# Some beginner questions



## Viper_SA (19/2/15)

Hi all,

Some of you might have seen my intro post in Newbie Corner.
I apologize if these topics have already been covered, but there is so much info on the forum that is is somewhat overwhelming when you hit that "search" button.

I tried the Twisp when it came on the market, back in 2008 I think, and thought it was a load of rubbish. A few weeks ago I bought an EGO-CE4 at a local Chinese shop, just for those cases at work where I can't get a relief to go for a smoke. I got the Hengthavorn Cigar juice with it, and was surprised at how much better the system worked than the original eCigs. 

The only issue was that the juice was not marked for how much nicotine it contained. I have since passed on the CE4 to a relative and bought a dual kit EGO-CE5+. Changed the atomizers though, the string-less models just didn't feel right and I sucked till I thought my eyeballs would pop without any real vapor. Now running basically the same vaporizer that the CE4 uses, and it is much better. 

Also bought an X6 with a V2 tank off BidorBuy. Nice bit of kit that, but not that much better to justify the price difference in my opinion.

I also ordered some 18mg Hengthavorn MB, Cigar and Coffee. The coffee seems to scratch my throat a bit, but not too bad. I also got a 12mg eScape Cuban Cigar, which was absolutely vile! I coughed up three lungs when I tried it. The taste was awful and the throat hit was very harsh.

So basically, my question is about the juice I should use. I would prefer something with high nicotine content, 18-24mg, higher density vapor and as low a temperature on the vapor as possible. Little to no throat hit would also be a preference. 

I used to smoke around 30 cigs a day. 1.2mg and mostly cheapies lately, who can afford branded ciggies anymore!? 

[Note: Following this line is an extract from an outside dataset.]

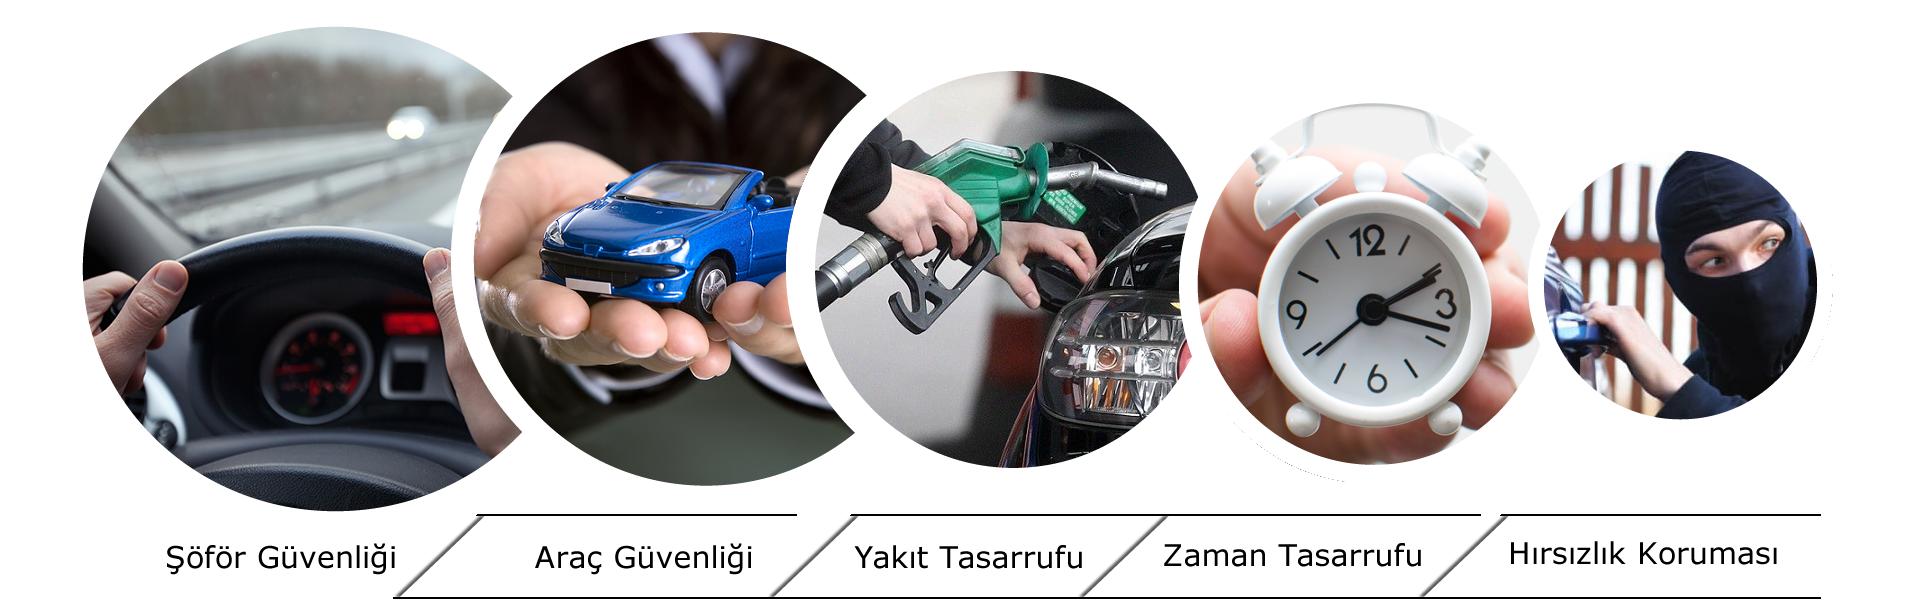 İstanbul Araç takip gihazı özellikleri tanıtım resmi

I would be open to suggestions to upgrade my kit a little as well, just not right now. I still smoke a few cigs in between vaping, but have dropped from around 30 per day to less than 10. Which is good for me. 

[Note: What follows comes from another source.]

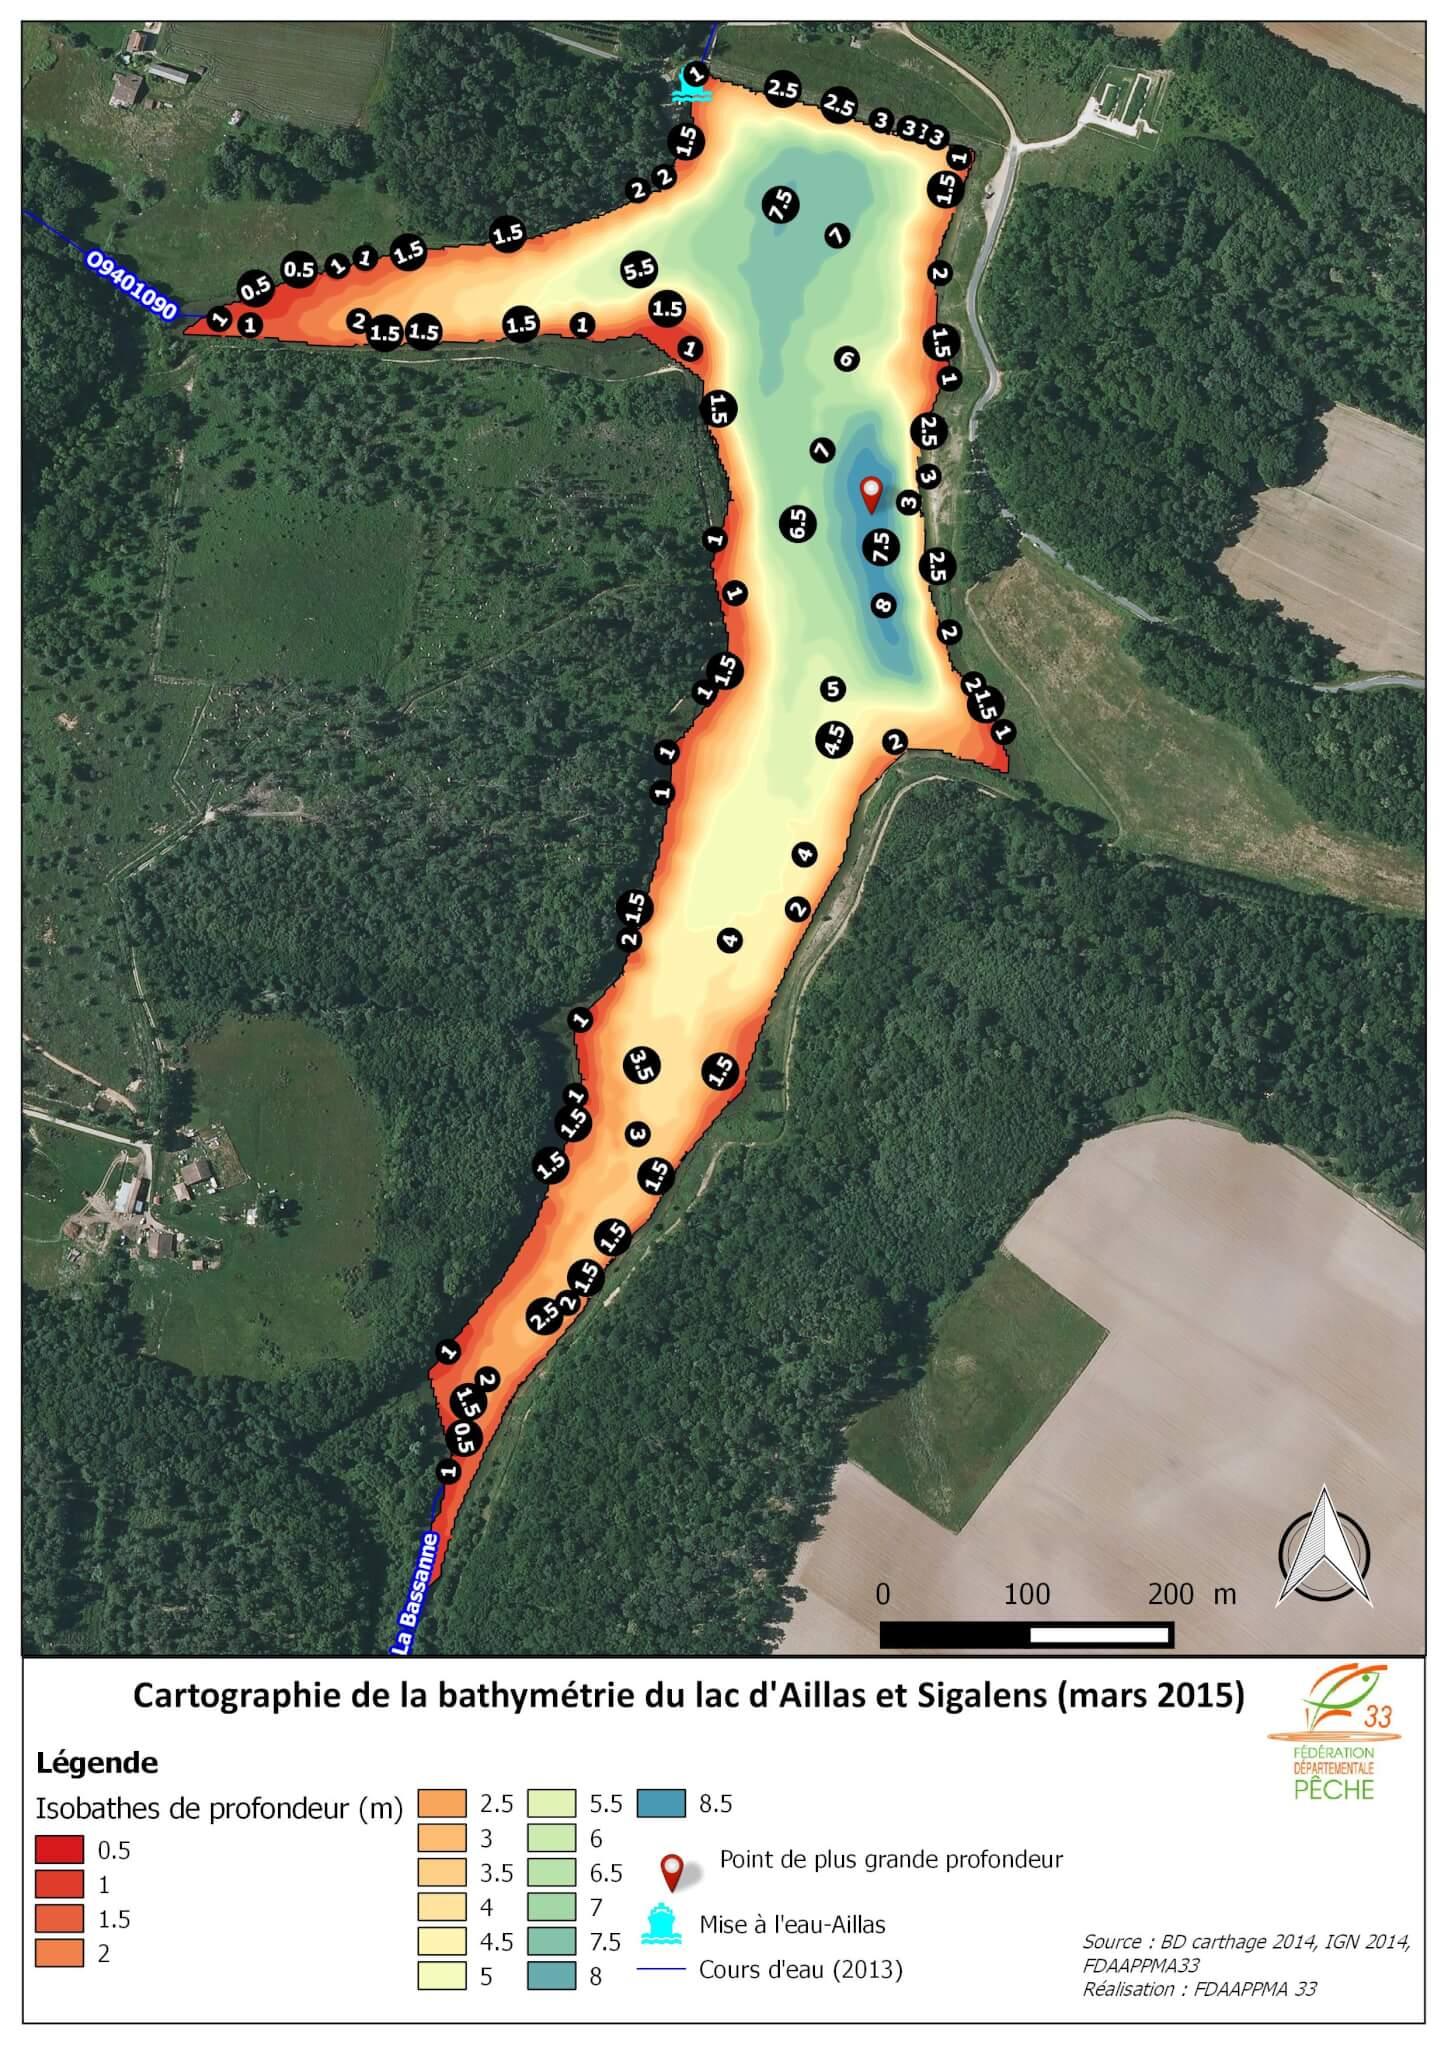 Bathymétrie du lac d'Aillas et Sigalens

Any advice would be appreciated. 
P.S. I have many other hobbies, so I am not looking to get into mixing my own juice and building or modding things too much. I'd prefer a straight "buy off the shelf" approach.

Thanks

Viper, out!

Reactions: Like 2


----------



## hands (19/2/15)

Hey @Viper_SA . down to 10 cigs is a big deal and congrats for that. 
Juice is a personal thing but here is a link to last years best voted juices. http://www.ecigssa.co.za/forums/top_liquid/
Vaping gear gets better and better really fast and if you hang out on the forum you will get up to speed really quickly.
You are spoiled for choice on gear and there is so many that would work for your needs. I love building, modding and mixing so i cant really advise you on what gear to buy but others will.

Reactions: Like 2


----------



## zadiac (19/2/15)

Hey Viper. Welcome. We're close. I'm in Deneysville, Vaaldam.
At some point I can give you some demonstrations on different devices and help you get up to speed if you want.
Congrats on your achievements so far. Pretty soon you'll kick the stinkies completely and become a full blown (pun intended) vaper.

Reactions: Winner 2


----------



## Viper_SA (19/2/15)

@hands, thanks for the warm welcome and the link. Will check it out.
@zadiac, thanks for the offer, might just take you up on it. Are there any stores in the Jhb area where one can try out different juices and devices? In the Vaal, where is the best place to shop around for these devices and juices? Will PM you my Whatsapp number if you don't mind.


----------



## zadiac (19/2/15)

Viper_SA said:


> @hands, thanks for the warm welcome and the link. Will check it out.
> @zadiac, thanks for the offer, might just take you up on it. Are there any stores in the Jhb area where one can try out different juices and devices? In the Vaal, where is the best place to shop around for these devices and juices? Will PM you my Whatsapp number if you don't mind.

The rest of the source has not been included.